God then instructed Jeremiah to give a second illustration of warning to the people of Judah. To them there was nothing unusual in the sight of wine jars filled with wine, for they liked to enjoy their wrongly gained prosperity to the full. Jeremiah explains that wine, instead of symbolizing pleasure, now symbolizes wrath, God’s wrath. The nation will drink that wrath till it becomes drunk and unable to save itself from disaster (12-14).
Jeremiah has a sincere love for his country and will be deeply grieved to see such a catastrophe occur. He urges the proud nation to humble itself and turn to God, otherwise judgment will overtake it, as darkness overtakes a frightened traveller in dangerous hill country (15-17). The king and others of the royal family will suffer the humiliation of being stripped of their royalty and taken to Babylon as common prisoners, along with citizens from the farthest areas of the kingdom (18-19).
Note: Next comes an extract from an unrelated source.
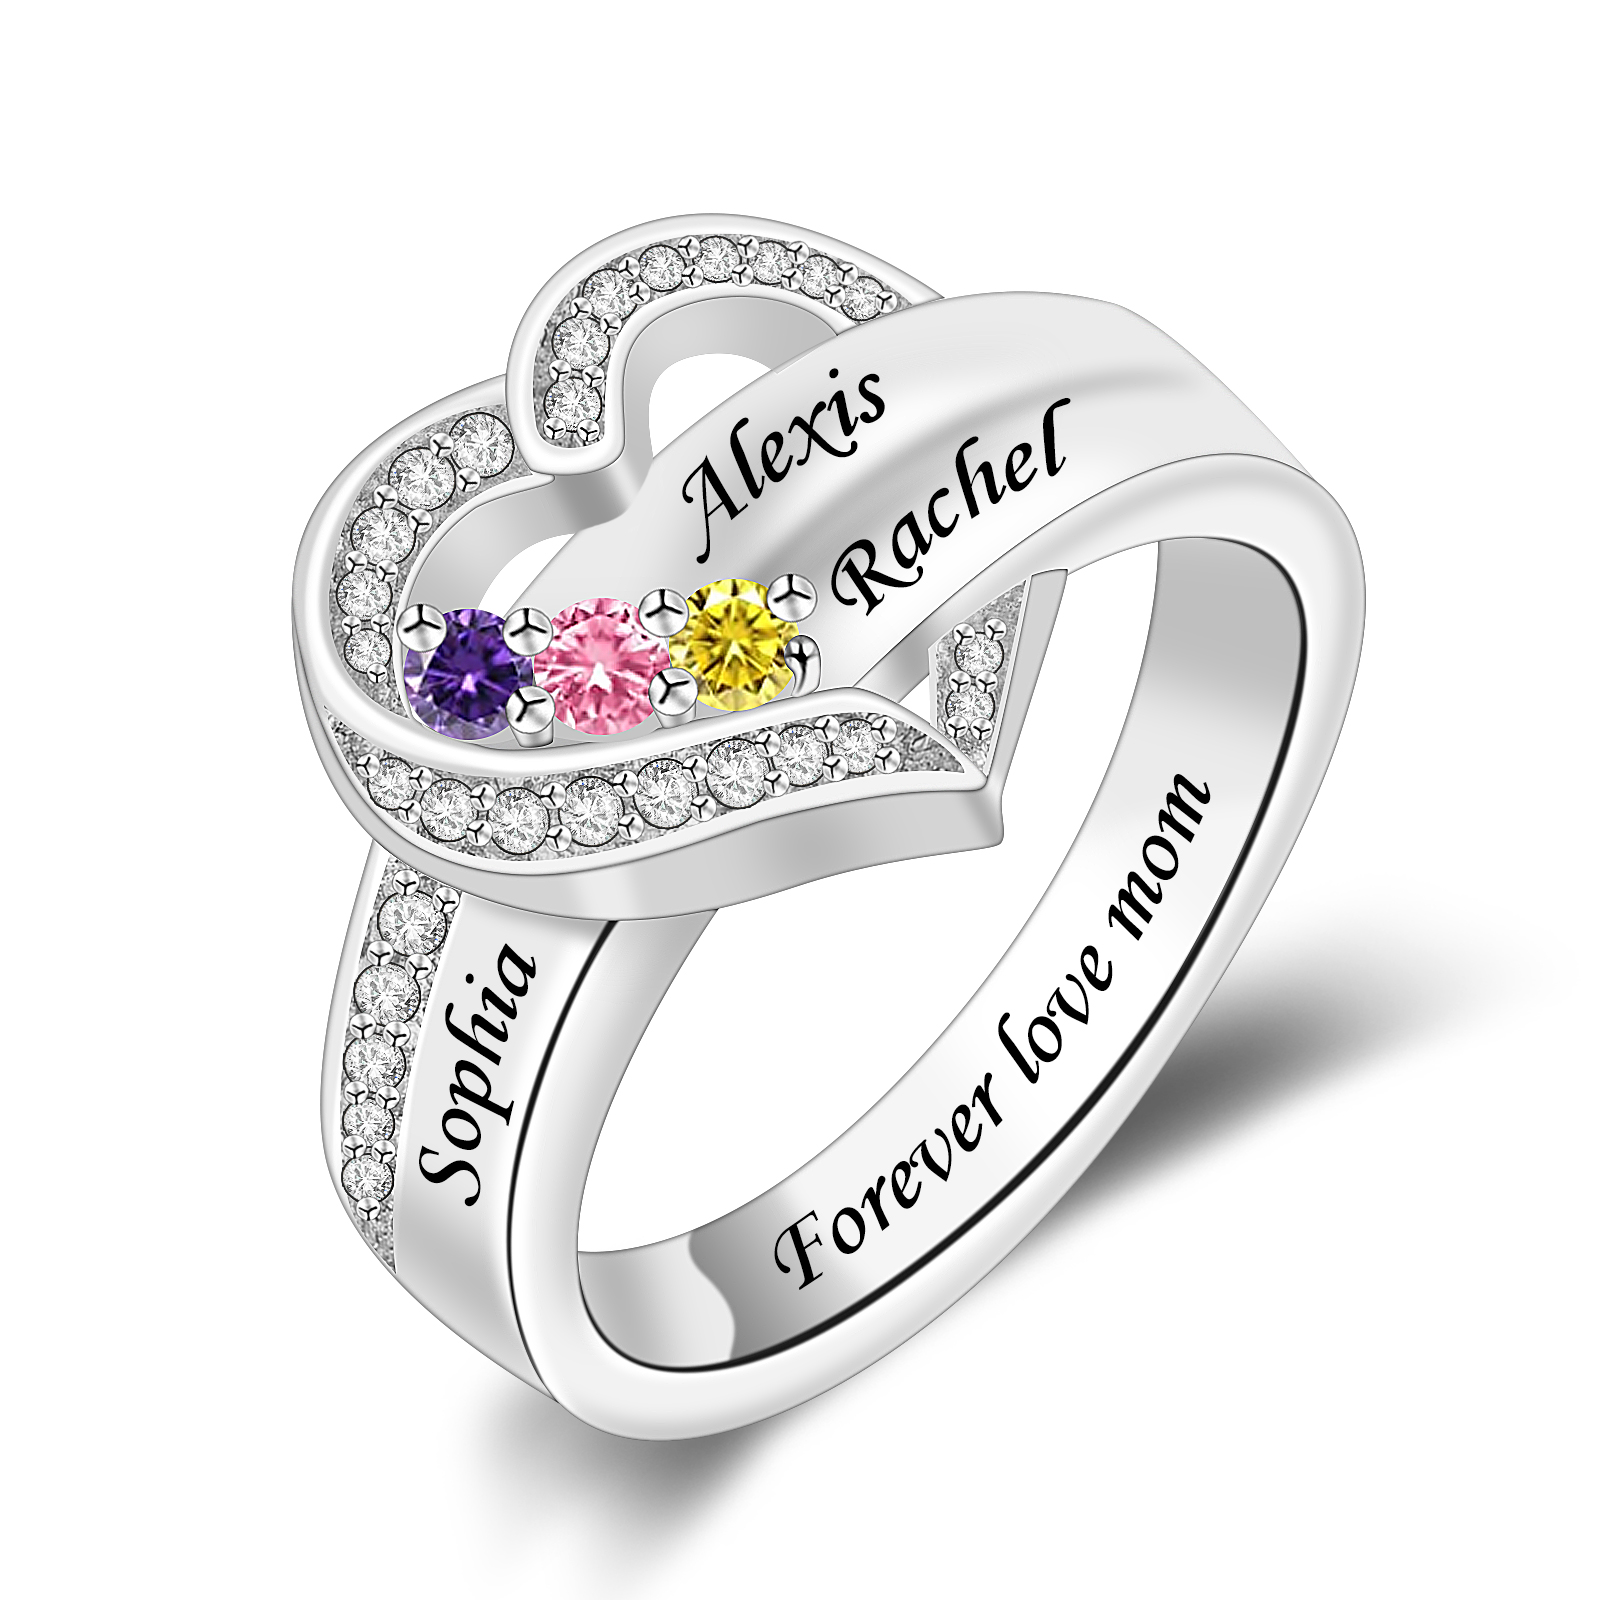 R6-1-3 Heart Mother Ring with Engraved Names and Simulated Birthstone

Judah had once been friends with Babylon (2 Kings 20:12-19). How great, then, will be Judah’s surprise when it sees Babylon’s armies descending upon it from the north. They will attack Judah with the ruthlessness of wolves attacking sheep or a rapist attacking a woman (20-22). Judah’s sin is so deeply embedded that reform is now impossible. The nation will be driven off into captivity, just as chaff is driven away by the desert wind (23-25). It has acted like a prostitute, and will be punished with public disgrace like a prostitute (26-27).